L’éditorial analyse la situation actuelle du Mali sous le régime de Transition, affirmant que le pays est parvenu à déjouer les « prédictions apocalyptiques » entretenues par des acteurs externes dont les intérêts ont été « contrariés » par la « rectification » de mai 2021.

L’axe de déstabilisation : Politique et Économique

L’auteur accuse les détracteurs de la Transition de chercher à déstabiliser le pays par la désinformation et une guerre économique. La crise de carburant et le blocus sur les importations imputés au JNIM/GSIM (Groupe de soutien à l’islam et aux musulmans) sont présentés non comme de simples attaques terroristes, mais comme une manœuvre visant à « asphyxier les populations » et créer un climat insurrectionnel favorable au renversement du régime.

L’article souligne que cette stratégie, qualifiée de « guerre d’usure économique », est adoptée par le JNIM en réponse à la supériorité militaire écrasante des Forces armées maliennes (FAMa) sur le terrain conventionnel. Selon l’auteur, les défaites et les pertes lourdes subies par les terroristes les obligent à privilégier l’approche asymétrique.
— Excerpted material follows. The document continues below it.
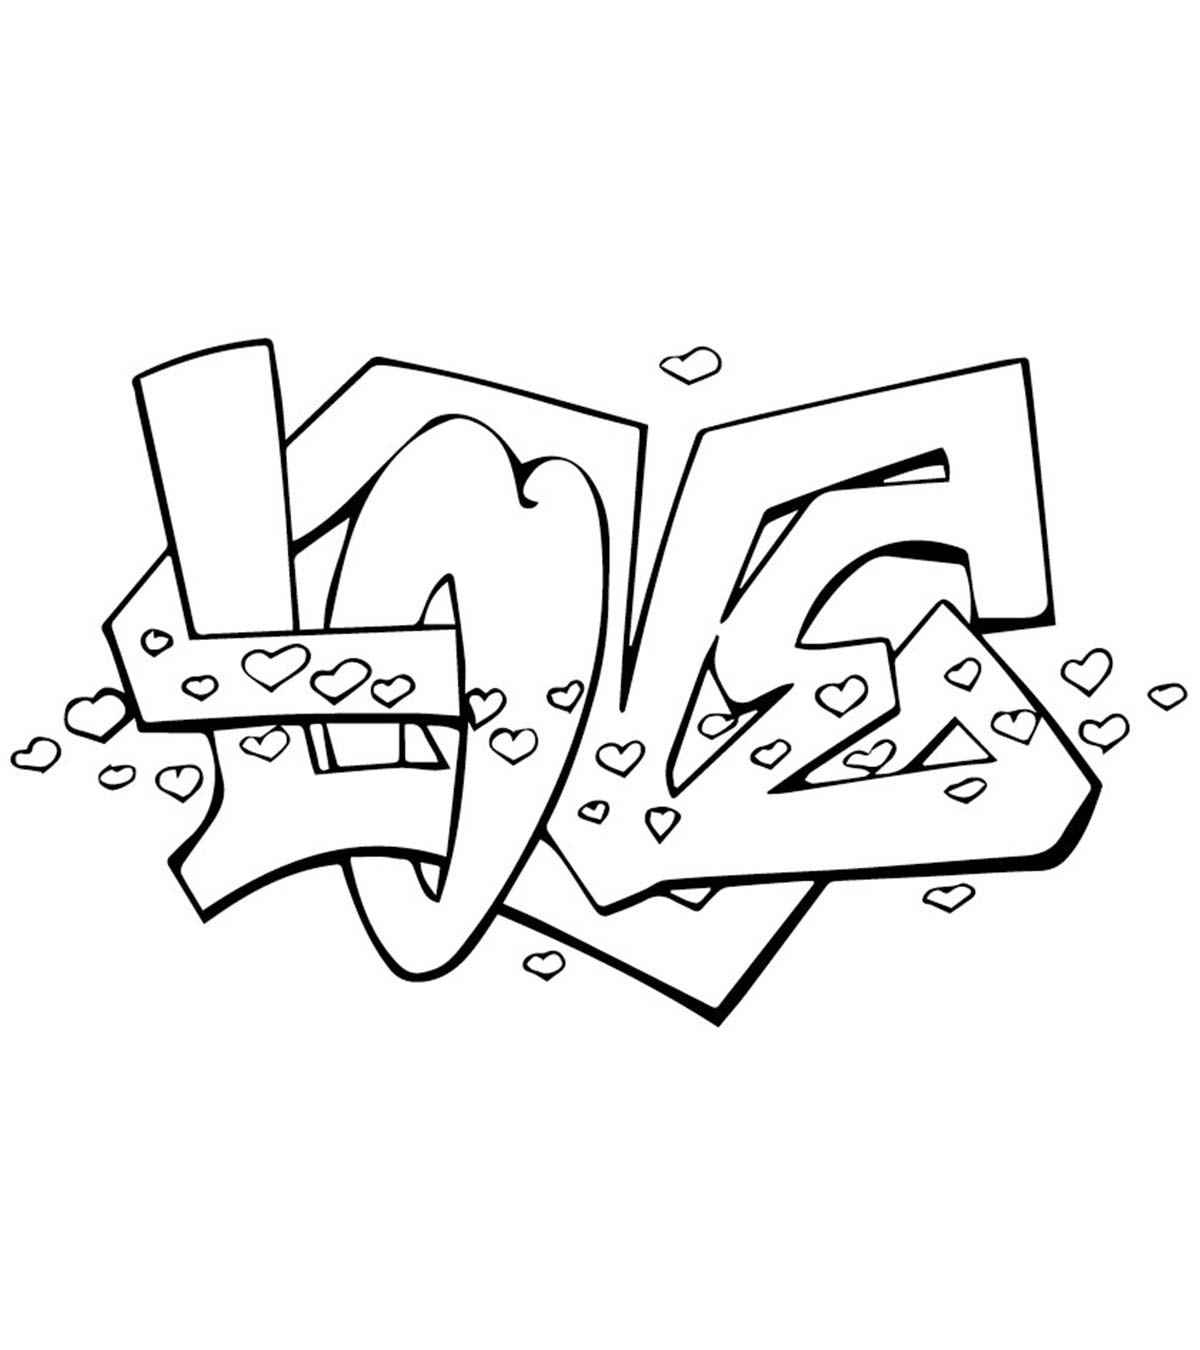 Top 10 Graffiti Coloring Pages For Your Little Ones

Dénonciation des manœuvres occidentales

L’éditorial pointe directement la France, notamment le Président Emmanuel Macron (citant des propos attribués ou traduisant son « état d’esprit »), comme ayant juré de « reprendre pied au Mali par tous les moyens » après avoir été écartée.
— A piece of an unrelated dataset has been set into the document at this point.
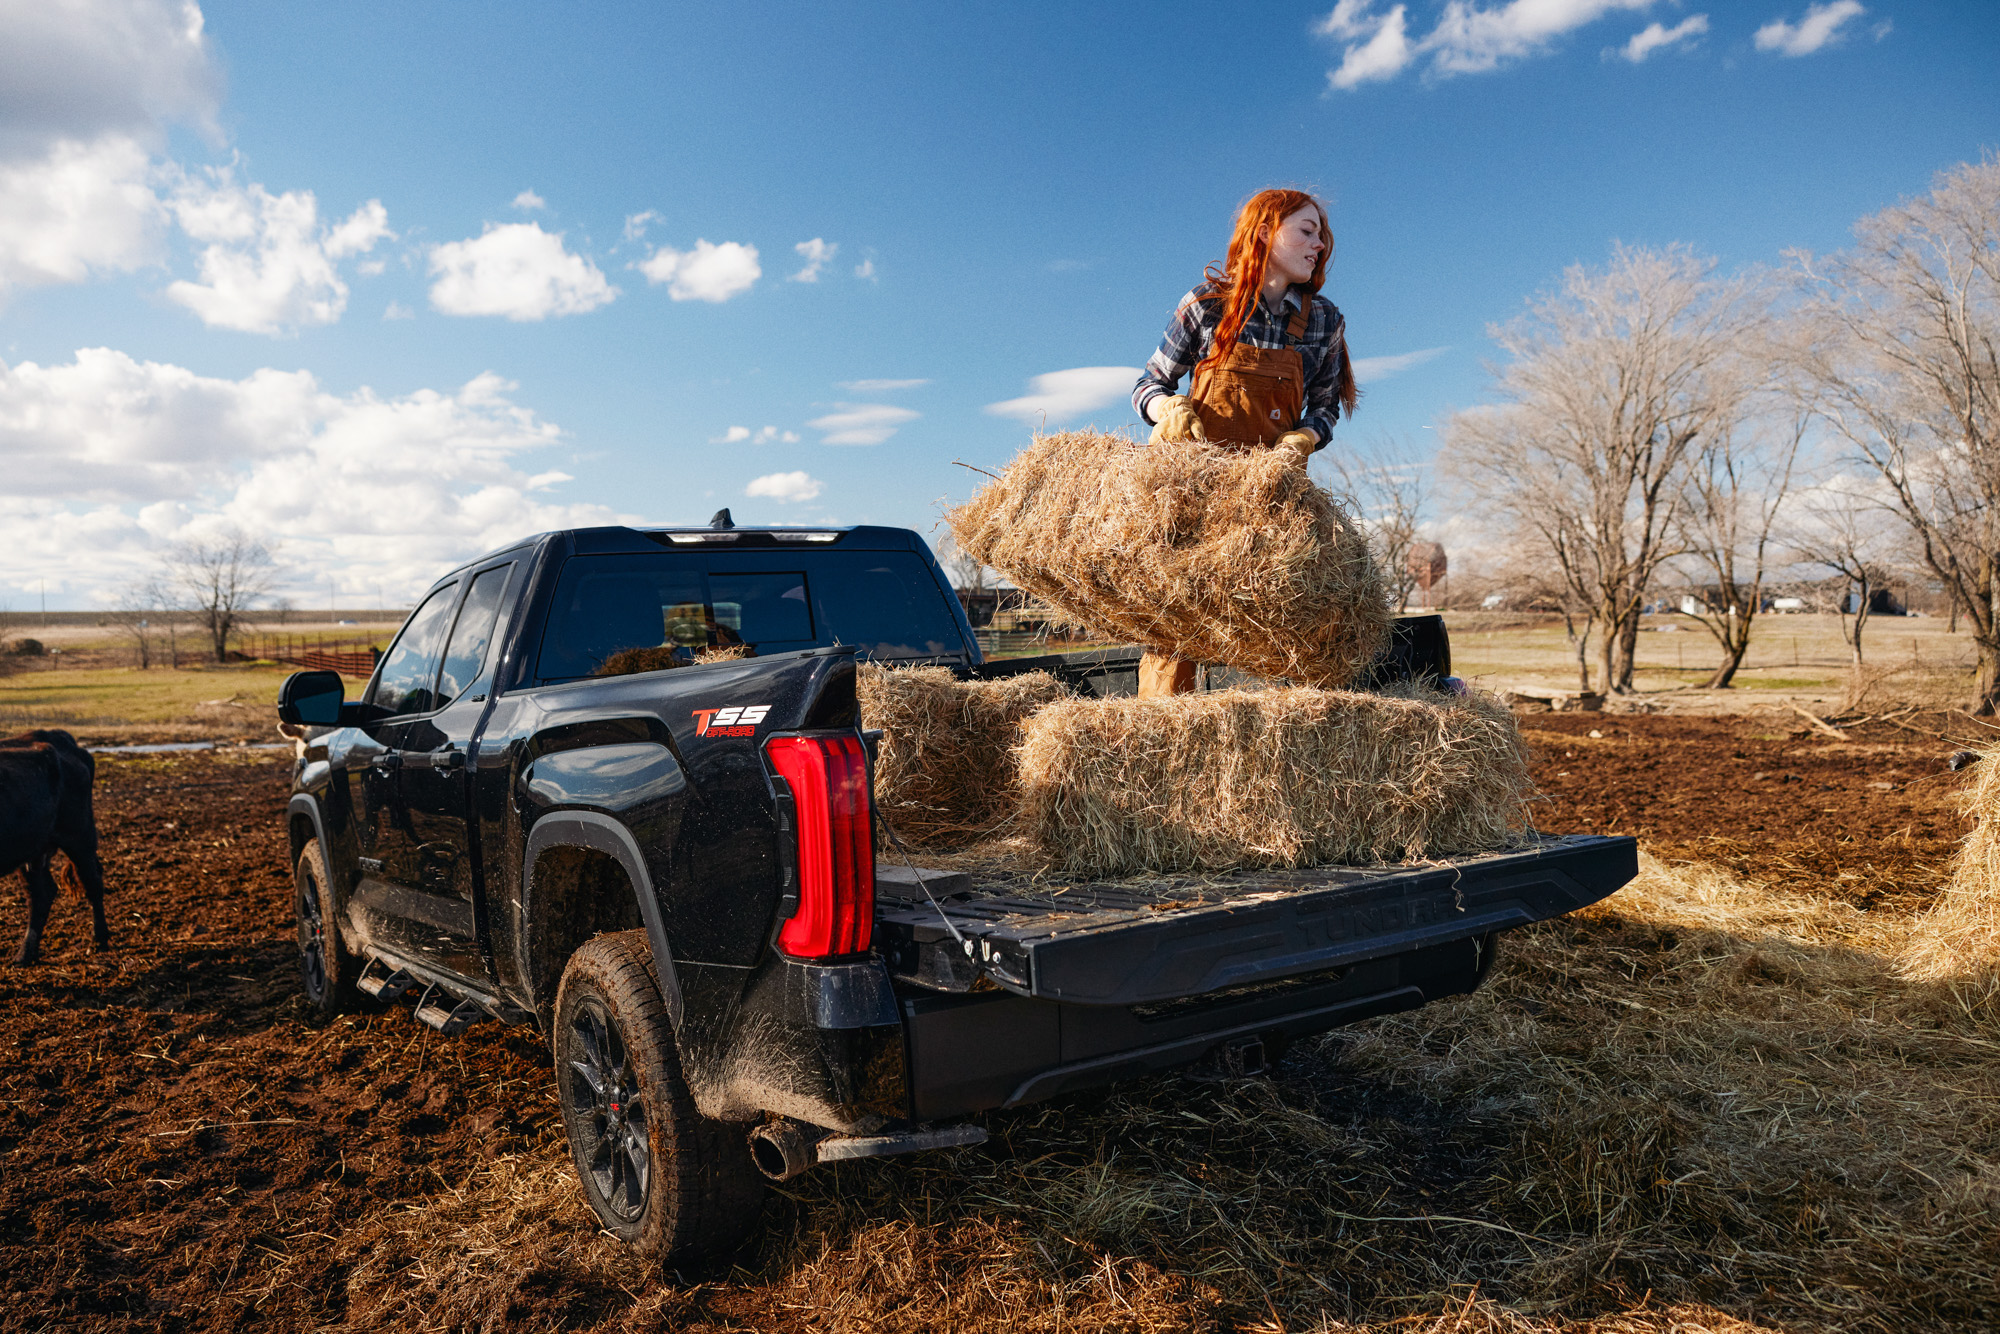 automotive and commercial photographer caleb kuhl photographs the toyota tundra truck as a part of farm life

Parallèlement, l’auteur dénonce une « instrumentalisation cynique des instruments diplomatiques » en relevant le paradoxe entre :

  1. Les alertes de sécurité des ambassades occidentales (États-Unis, Royaume-Uni, Allemagne) enjoignant leurs ressortissants de quitter le Mali.
  2. Les succès militaires des FAMa, même reconnus par un officiel américain (Christopher Landau, Secrétaire adjoint au Département d’État, félicitant les FAMa).
  3. L’arrivée de vagues de touristes étrangers (Russie, Lettonie, Luxembourg) à Tombouctou et Mopti en vue de la Biennale artistique et culturelle.
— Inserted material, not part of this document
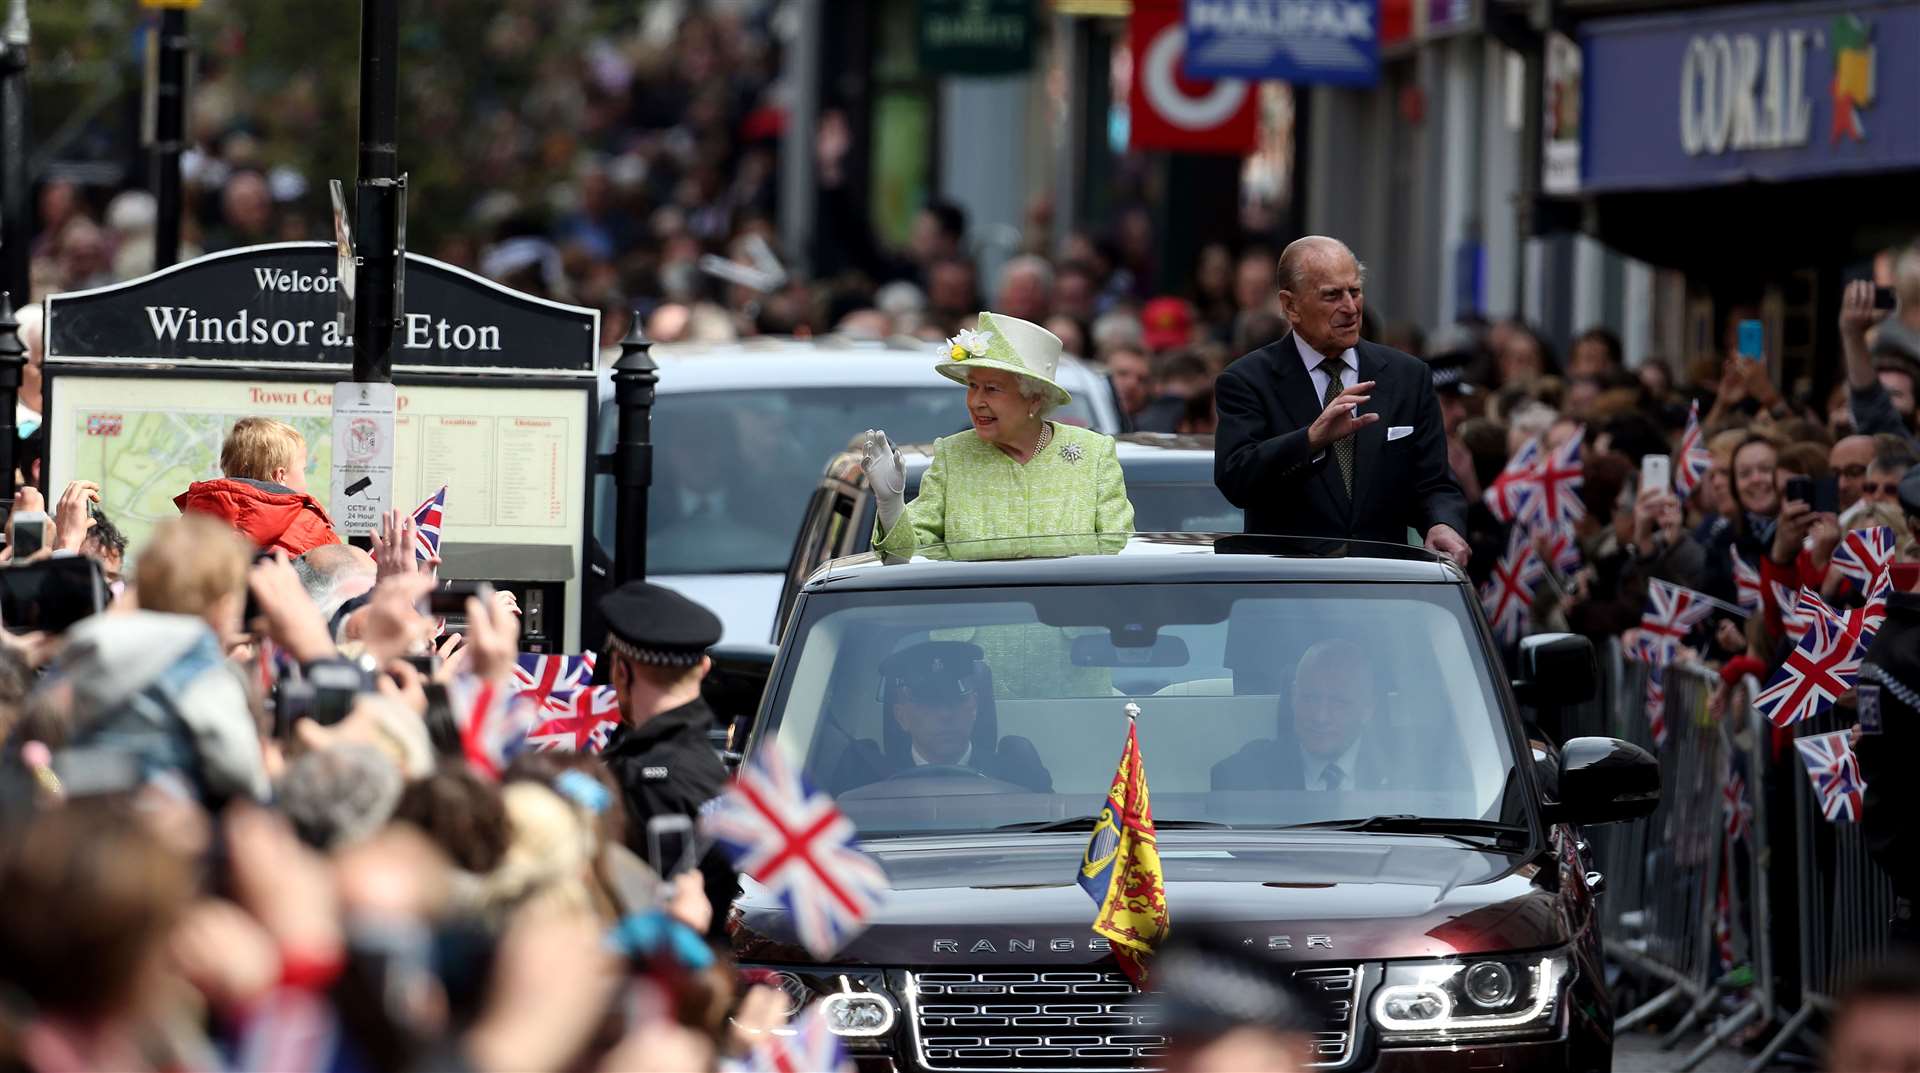 The Queen and Philip ride in an open-top Range Rover in Windsor to mark the monarch’s 90th birthday (Steve Parsons/PA)

Un soutien critique à la Transition

L’auteur appelle les Maliens à la résilience et à resserrer les rangs derrière les autorités de la Transition, qu’il considère comme « le moindre mal » face au risque d’anarchie et d’expansion du terrorisme dans toute l’Afrique de l’Ouest.

Néanmoins, le soutien est formulé comme critique. Le journaliste reconnaît les « erreurs, des manquements et des décisions qui laissent perplexe » (comme la dissolution des partis et la répression de la liberté d’expression) et insiste sur le devoir citoyen de les dénoncer. Il exhorte les autorités à « lâcher du lest » et à libérer les détenus politiques, car « ce qui est en jeu dépasse les calculs partisans… C’est la survie de la République. »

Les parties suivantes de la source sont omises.